The genetic and molecular mechanisms underlying diverse biological traits in green ash are unknown. Genetic linkage maps are powerful tools for genomics and genetics research. With a large number of DNA markers, fine mapping of quantitative trait loci (QTL) can support marker-assisted selection for breeding programs. Candidate genes can also be positioned within the quantitative trait locus (QTL) regions identified by association studies. Combined with transcriptome studies, differentially expressed genes can be mapped and localized so that genes related to specific traits of interest can be characterized. In addition, linkage maps can also be used to conduct comparative analyses with other species to detect genomic synteny and to improve and correct chromosome-scale genome assemblies. Linkage maps have been reported in many non-model species (Tian et al. 2015; Moumouni et al. 2015; Raman et al. 2014), but the resolution of genetic maps depends on the number of markers segregating in the mapping population.
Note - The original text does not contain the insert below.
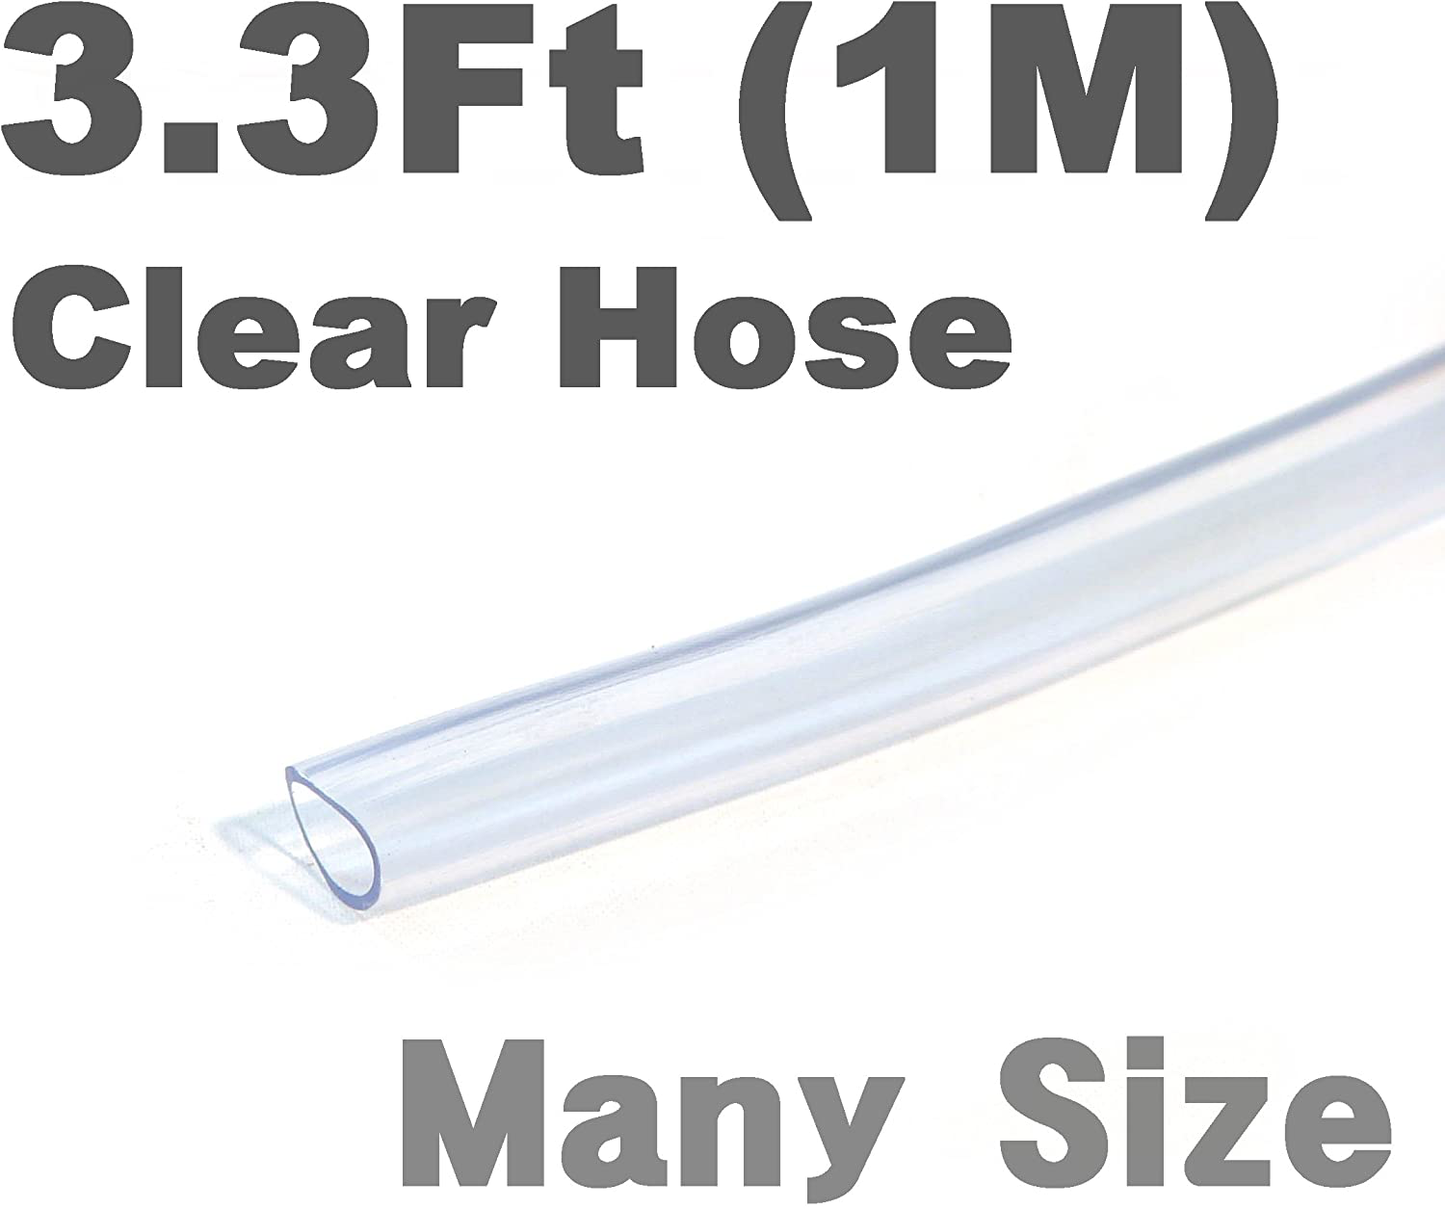 SMI Inner 1/4" Outer 5/16" 3.3 Ft 1 Metre PVC Clear Tubing Flexible Air Food Water Delivery Feeding Hose Garden Pond Aquarium Animals & Pet Supplies > Pet Supplies > Fish Supplies > Aquarium & Pond Tubing SMI

Recently, the innovation of NGS methods for genetic marker discovery combined with reduced costs has facilitated the genotyping of thousands of SNPs across hundreds of samples. New methods, such as reduced-representation libraries (RRLs) (Van Tassell et al. 2008), restriction-site associated sequencing (RAD-seq) (Davey and Blaxter 2010) and genotyping-by-sequencing (GBS) (Elshire et al. 2011), utilize restriction enzyme digestion of target genomes to reduce the complexity of the target. In addition, new genotyping approaches including Illumina’s BeadArray™ technology based GoldenGate® and Infinium® assays, and the Sequenom MassARRAY®technology (Gabriel, Ziaugra, and Tabbaa 2001), facilitate SNP genotyping at the genome-wide level in a cost-effective manner. However, as biallelic markers, SNPs are usually less informative than multi-allelic makers, such as microsatellites, which can amplify up to four alleles in a diploid species. Therefore, SSRs are still robust markers for use in genetic map development and many other genetic studies, which justifies their use despite how laborious and time-consuming the development and use of microsatellite markers in genotyping can be.
Materials and Methods
Plant material and DNA extraction
A controlled cross pollination between an EAB-resistant and an EAB-susceptible parent was performed at the USDA Forest Service, Northern Research Station in Delaware, OH and produced an F1 population of 780 individuals. The maternal parent tree was a grafted ramet of a green ash tree located at the Dawes Arboretum in Newark, OH, and the male (pollen) parent tree was a grafted ramet of a tree located in the Oak Openings Metropark in Toledo, OH, that retained a healthy canopy despite long-term EAB-infestation in this area (Knight et al. 2012). The maternal parent tree (PE0048) was heavily infested by EAB and considered susceptible, while the paternal parent tree (PE00248) is considered to have a level of resistance to EAB, based on its field phenotype and confirmed by replicated EAB-egg inoculation tests performed as described by Koch (Koch et al. 2015). During growth of the seedlings in the greenhouse, an unspecified viral infection reduced the family size to 543 survivors, which were transferred to a gravel-bed nursery at the Center for Agroforestry, University of Missouri, Columbia, MO. For this genetic linkage mapping study, leaf samples were collected from 91 of the seedlings and from the parent trees for genomic DNA extraction. DNA was isolated from frozen leaves using a CTAB method (Clarke 2009). DNA samples were quantified using a Qubit 2.0 fluorimeter (Invitrogen, Carlsbad, CA, USA) and then checked for molecular weight in 0.8% agarose gel. The 91 progeny were verified by SSR analysis as authentic full siblings using Colony parentage analysis (Jones and Wang 2010).
Genotyping-by-sequencing
GBS libraries were constructed and sequenced at the Cornell University Genomic Diversity Facility, using the protocol described by Elshire (Elshire et al. 2011). Three methylation-sensitive restriction enzymes (i.e. ApeKI, EcoT22I and PstI) were tested prior to selection of Pst1 as the best for GBS library construction. A compatible set of 96 barcode sequences were included in the library construction for subsequent multiplex sequencing. The libraries of 95 samples (91 full-sib progeny and 2 libraries for male and female parents) and a blank negative control were pooled and sequenced using Illumina NextSeq 500 on one lane of single-end reads, running for 86 cycles to obtain a read length of 86bp.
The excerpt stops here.